A partir disso, Achão destacou que a transição energética é um processo global, e o Brasil já percorre esse caminho há décadas, tendo consolidado uma matriz diversificada e com ampla presença de recursos limpos. “O Brasil tem conseguido atender sua demanda de energia de forma cada vez mais eficiente. Em 2024, nossa oferta interna cresceu entre 1,9% e 2,4%, enquanto o PIB avançou 3,4%. Isso significa que estamos nos desenvolvendo ao mesmo tempo em que consumimos menos energia, comparação que chamamos de intensidade energética”, explicou.
A superintendente também chamou atenção para os avanços viabilizados pelas fontes renováveis: “Graças a essa estrutura, tivemos um aumento de apenas 0,6% nas emissões entre 2023 e 2024. As renováveis têm um papel fundamental em praticamente estabilizar as emissões do Brasil”, pontuou, lembrando que o maior desafio climático nacional não está no setor energético, mas no uso do solo e no desmatamento.
Para finalizar, Achão reforçou que os ganhos de eficiência energética projetados para o país até 2034, principalmente nos setores industrial e de transportes, serão determinantes para manter o Brasil competitivo. “Para continuar em posição de vanguarda, é essencial investir em pesquisa, desenvolvimento e inovação, incorporando tecnologias que ainda não estão disponíveis. A EPE tem atuado há mais de 20 anos reduzindo assimetrias de informação e iluminando os caminhos possíveis para a transição energética brasileira”, concluiu.
Papel da regulação do setor elétrico na Transição Energética
Por fim, Agnes da Costa, diretora da Agência Nacional de Energia Elétrica (Aneel), considerou que é essencial compreender onde a regulação do setor elétrico está inserida dentro das políticas de transição energética no Brasil. “Para compreender esse processo, é fundamental partir do princípio de que o setor elétrico está inserido no setor energético, que integra a economia nacional que, ao mesmo tempo, está conectada à dinâmica econômica global”, explicou.
Após a reorganização do planejamento estratégico da Aneel, o principal objetivo da agência passou a ser garantir que a regulação contribua para a transição com eficiência na alocação de custos e responsabilidade social e climática. A partir disso, foi realizado um mapeamento de todas as políticas climáticas e acordos dos quais o Brasil faz parte, com o intuito de orientar áreas técnicas e reforçar como a regulação está alinhada às metas climáticas.

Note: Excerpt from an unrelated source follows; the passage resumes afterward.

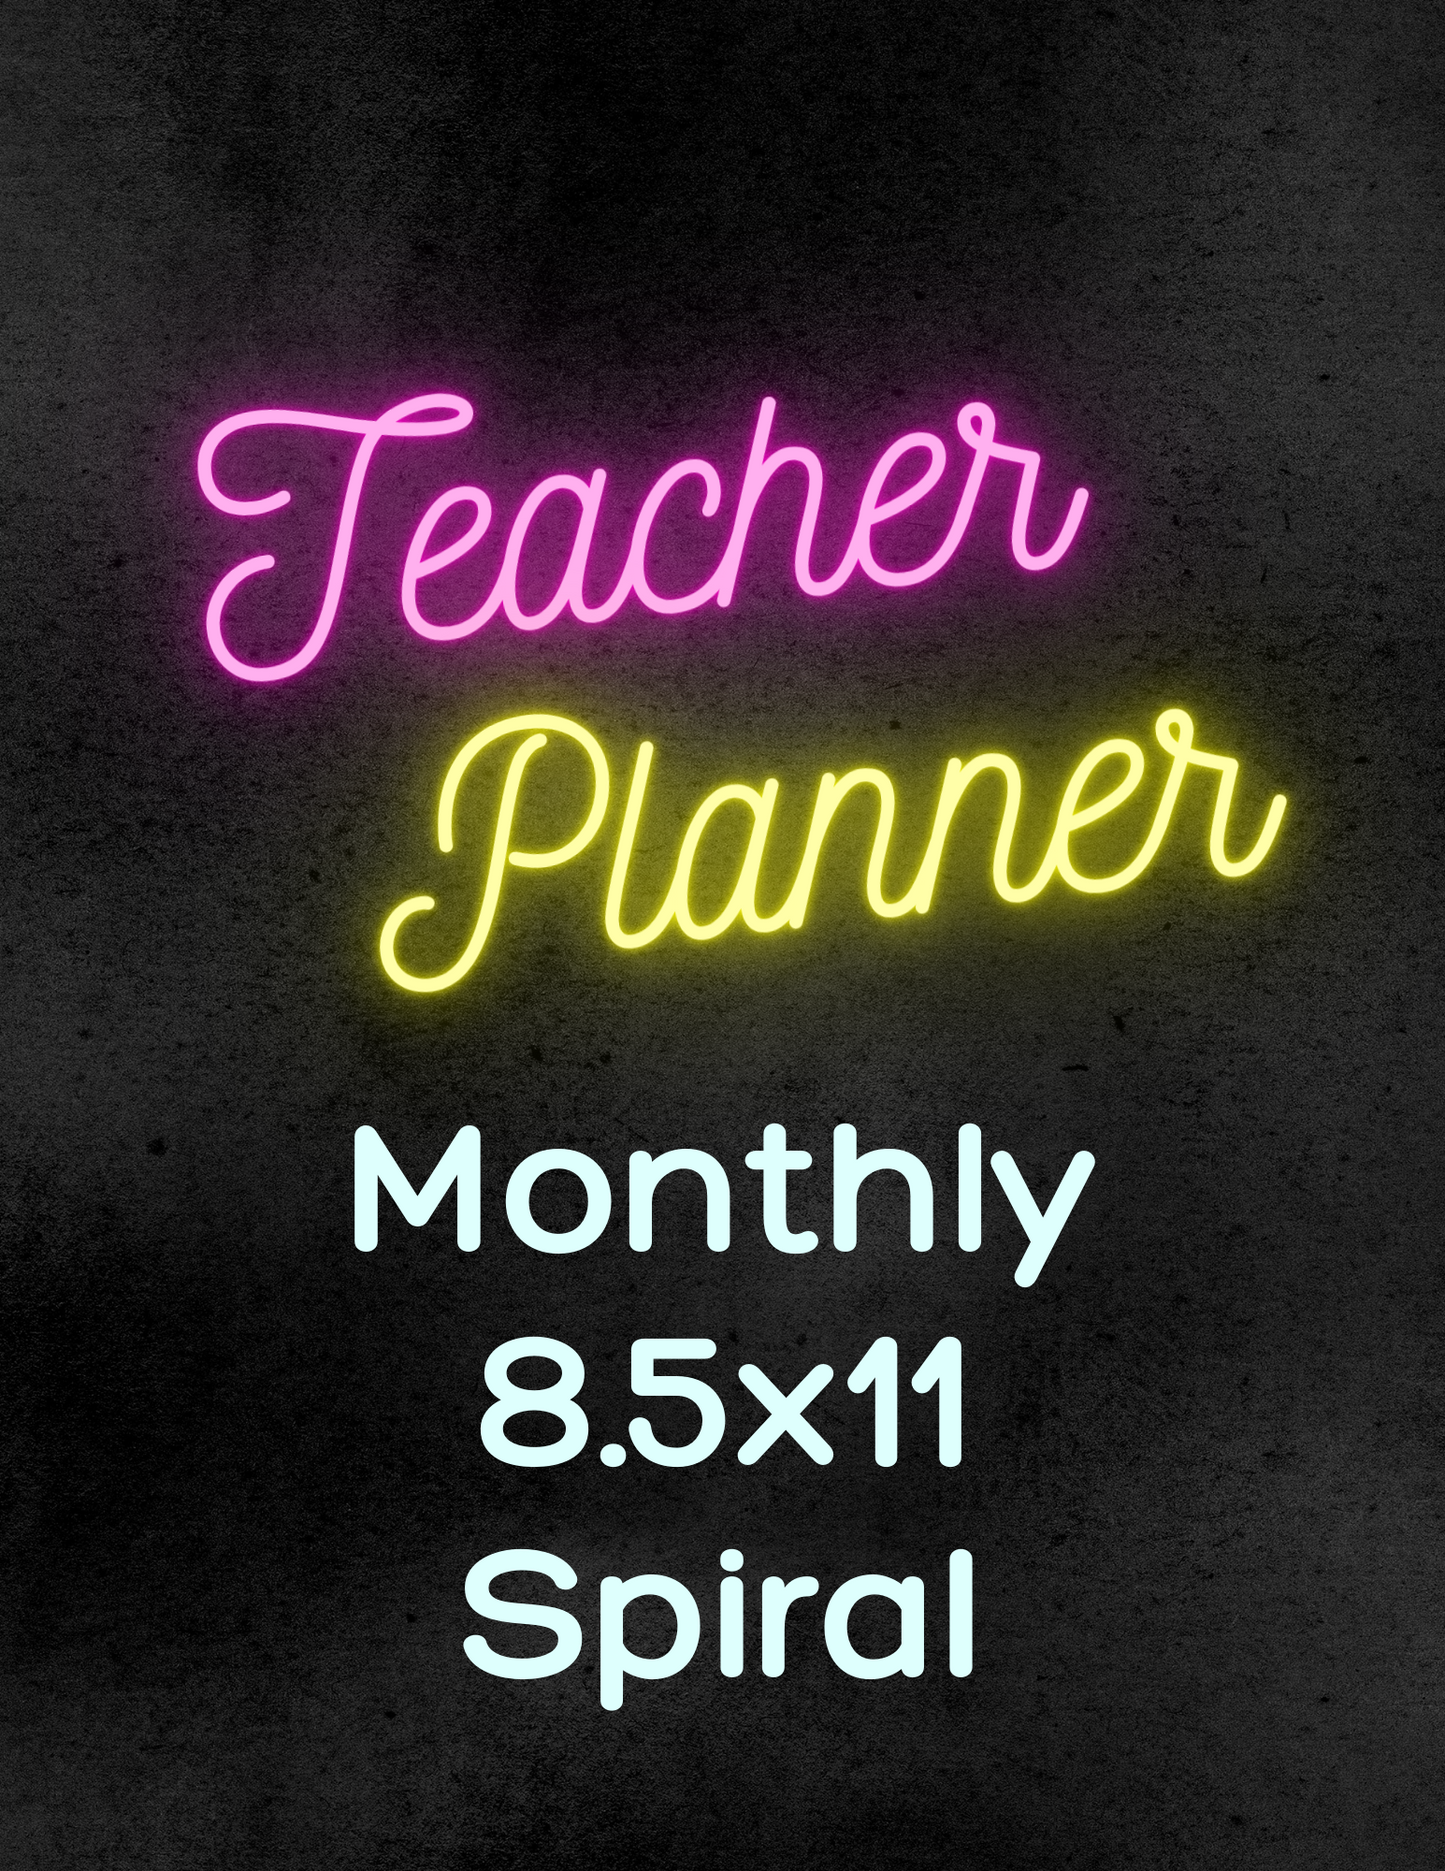 Teacher Planner - Full Size/Spiral (EDGEFIELD)

Agnes também apontou para a necessidade de debater os efeitos socioeconômicos da transição. Segundo a diretora, se, inicialmente, a discussão esteve associada principalmente à realocação profissional a partir da queda de produção de determinadas indústrias, países em desenvolvimento como o Brasil precisam olhar para questões mais amplas, como oportunidade de inclusão e redução de desigualdades. “Nossa visão deve ser de uma transição energética justa e, especialmente, inclusiva”, afirmou.